Another common deformity is nostril arching and pinching of the nasal tip. These problems generally occur from excess removal of nasal tip cartilage. Certain types of noses are at more risk of this deformity. This can be avoided if your surgeon is able to recognize who is at risk of developing this problem, maintain adequate tip cartilage and ensuring support to the nostrils at the time of the initial operation. Correction of this deformity can be difficult and can require cartilage grafts from ones nose, ear, or rib to correct.

Another problem which can occur from rhinoplasty surgery is called an ” inverted V deformity”. This is when the front on view of the nose takes on a look of an “inverted V”. This can occur if too much cartilage is removed from the middle of the nose during the initial rhinoplasty. This problem can be associated with breathing problems. Surgical correction can be accomplished when cartilage “spreader grafts” are placed to widen the central portion of the nose. Another severe deformity known as a “saddle deformity” can occur if the bridge of the nose collapses from the initial rhinoplasty surgery. Correction of a saddle nose also requires rebuilding the nose with either cartilage grafts or synthetic implants.

Nasal congestion, skin damage, and irregularities along the nasal bridge are other complications that can occur from primary rhinoplasty. Revision surgery, surgical implants, injectable fillers and laser-light therapy are options to deal with these problems.

In general Rhinoplasty is a complex operation which has the potential for complications. Patients must realize this before pursuing rhinoplasty surgery. If a patient does develop a complication from primary rhinoplasty surgery a skilled and experienced rhinoplasty surgeon will often be able to enhance the result with revision surgery.

Q & A with Dr. Philip Solomon

Dr. Philip Solomon know for his Rhinoplasty and facelift practice located in Thornhill. Dr. Solomon has patients from across Canada seeking him out for Rhinoplasty and revision Rhinoplasty surgery. His clinic is in old Thornhill in a beautiful renovated home. Dr. Solomon is on teaching faculty at U of T Dept of Otolaryngology Head and Neck Surgery Division Facial Plastic Surgery and is currently the Chief of Surgery at York Central Hospital. Please visit www.solomonfacialplastic.com or email askanexpert@revivemagazine.ca.

Q: Can you tell me about gortex use in rhinoplasty surgery and what are the risks associated with it?

A: Gortex implants known as polytetrafluoroethylene (PTFE) have been used extensively in a variety of surgical procedures for years. Its use in rhinoplasty dates back over 20 years. Gortex is used in rhinoplasty as an alternative to cartilage grafts. It can be used to build up areas of the nose or to camouflage areas of asymmetry or irregularity possibly resulting from prior nasal surgery or trauma. In rhinoplasty cases where building of the nose is required patients will be offered both cartilage grafts and gortex implants. The advantages and disadvantages of grafts and gortex will be outlined to each patient on a case by case basis.

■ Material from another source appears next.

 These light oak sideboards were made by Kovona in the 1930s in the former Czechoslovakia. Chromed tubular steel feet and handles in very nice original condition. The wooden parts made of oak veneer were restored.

The biggest risk of gortex use is infection or extrusion of the implant which is felt to be between one and three percent incidence.

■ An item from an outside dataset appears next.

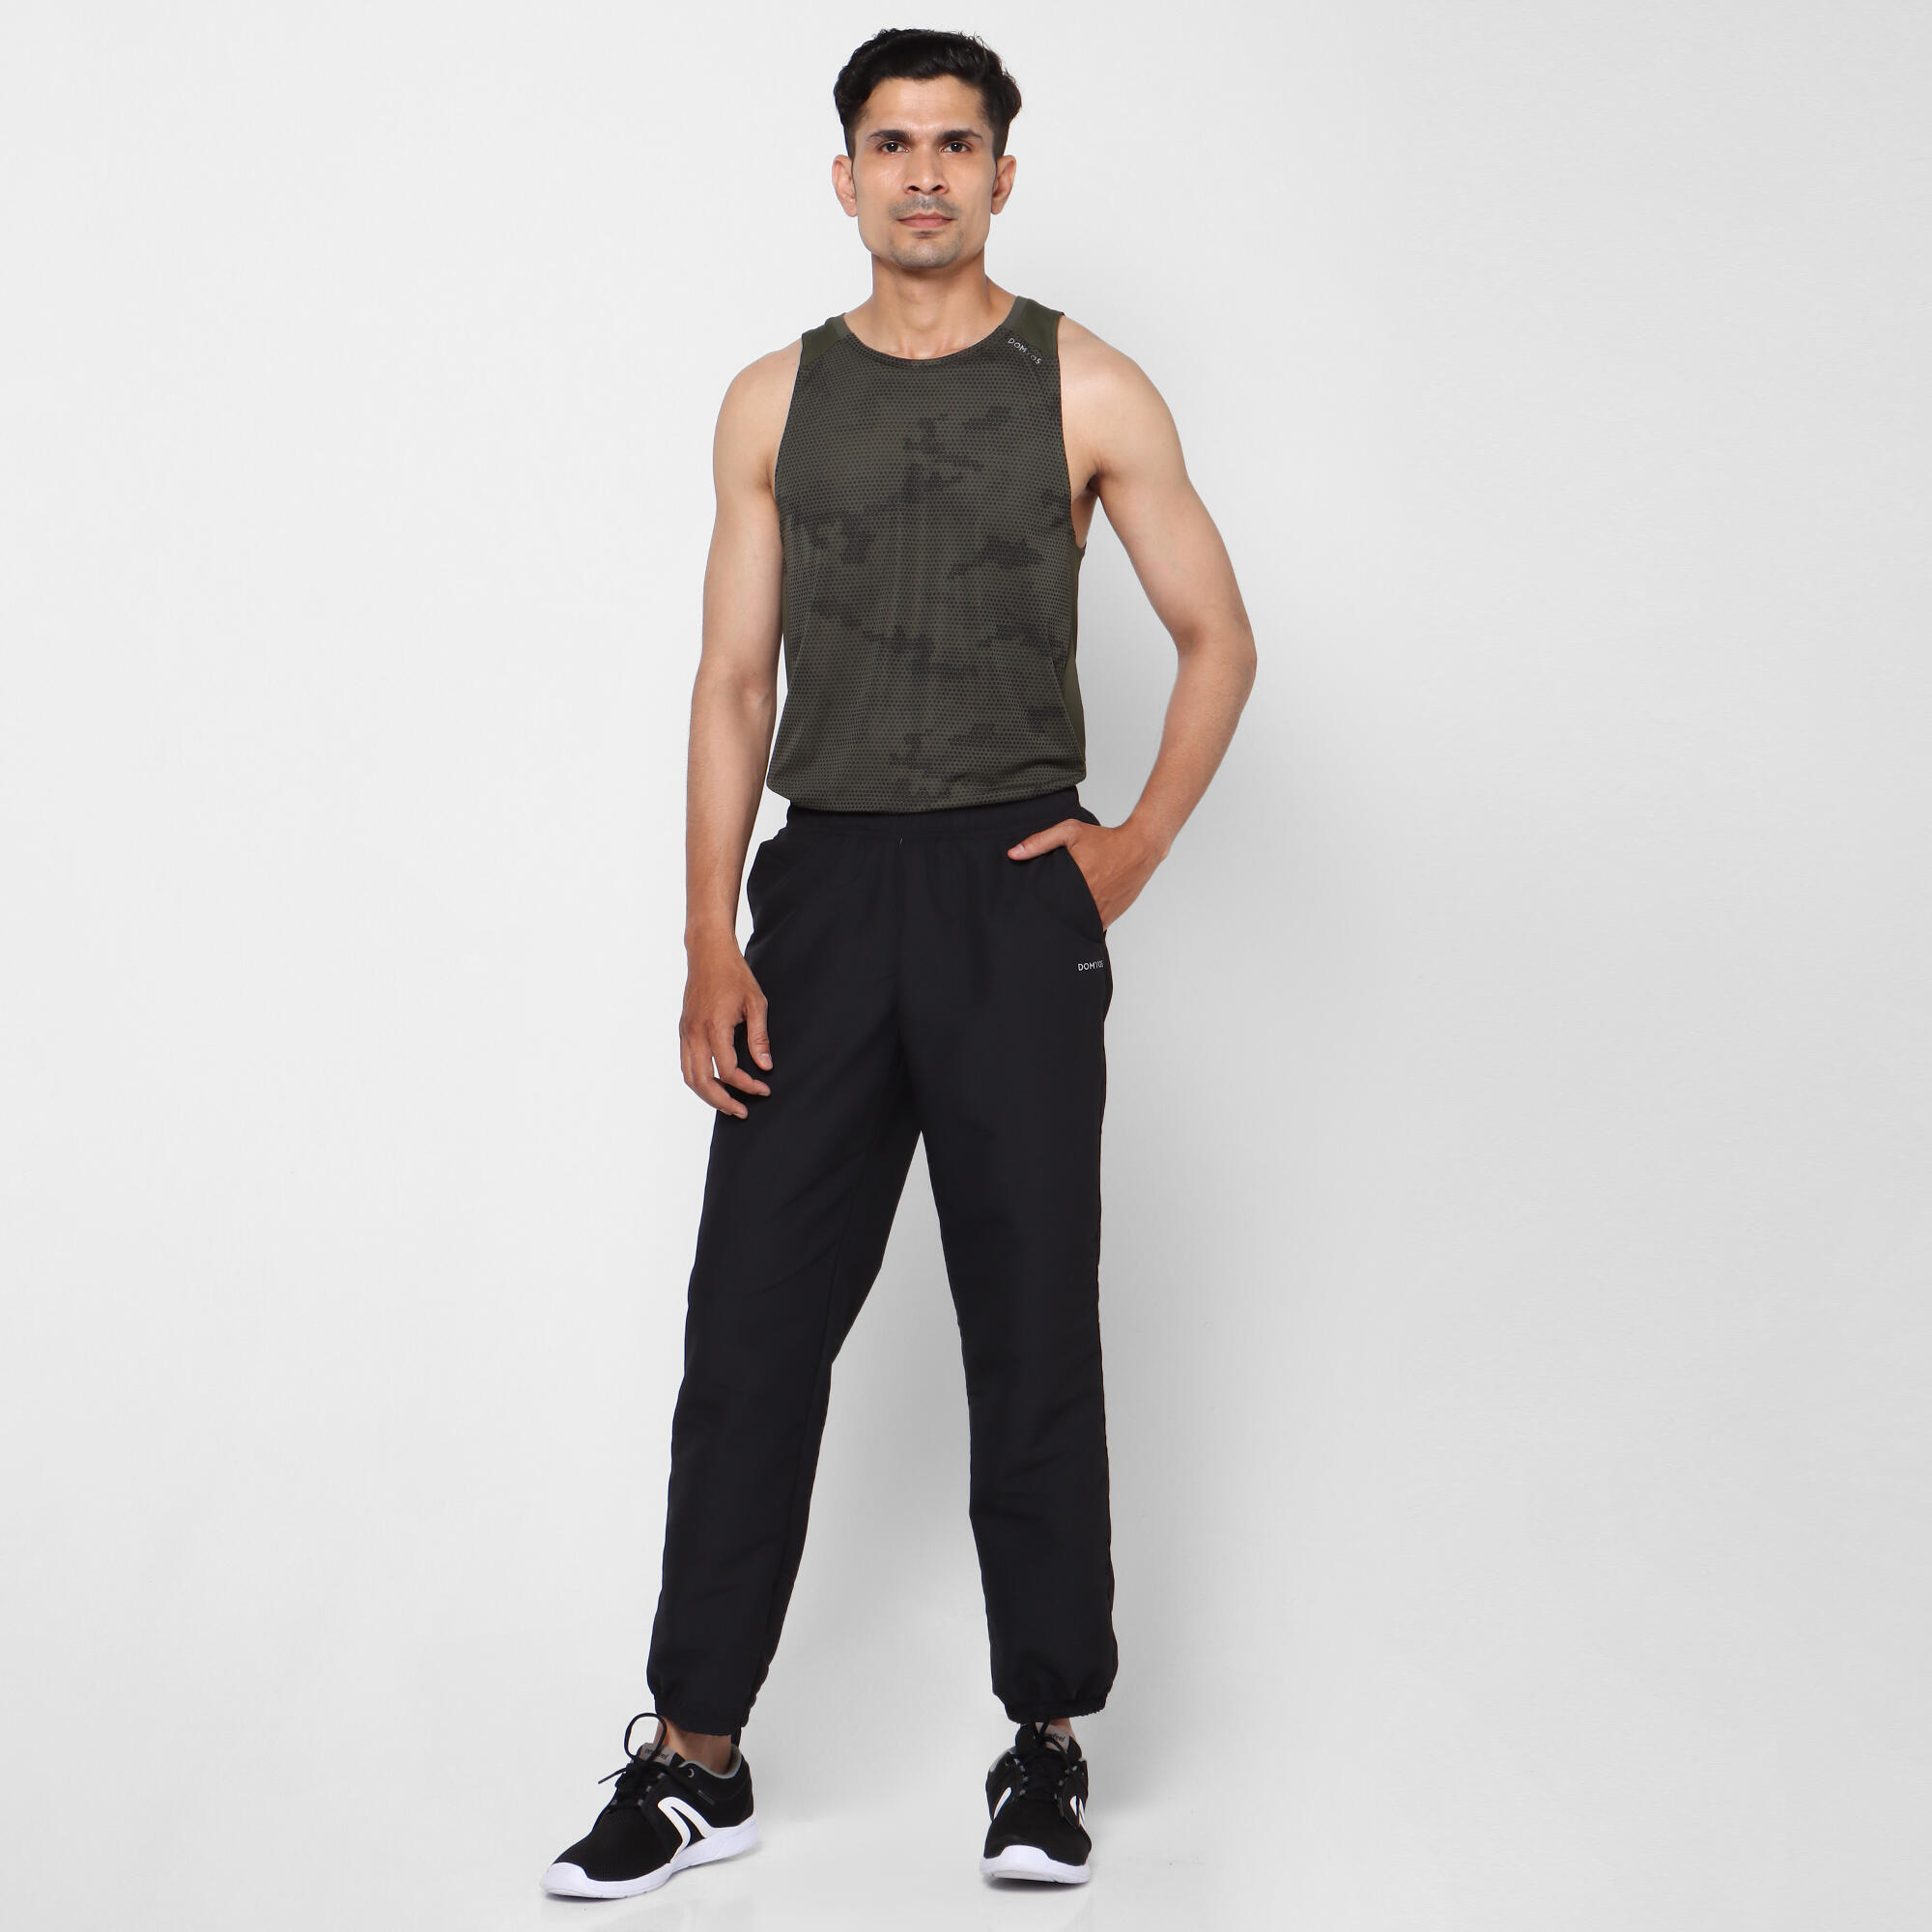 Top 10 Best Track Pants for Men from the Top Brands in India  DesiDime

Q: Does computer imaging help with Rhinoplasty surgery?

A: I use computer imaging in my practice to help patients see what can potentially be achieved with surgery. While the surgical results are not guaranteed to be the same as the imaging they usually are close. The process of going over a patients images before surgery is helpful as it allows the surgeon and patient ensure they share a common goal. If there is a major discrepancy between a surgeons and patients desired surgical outcome the imaging can identify this before a patient goes under the knife.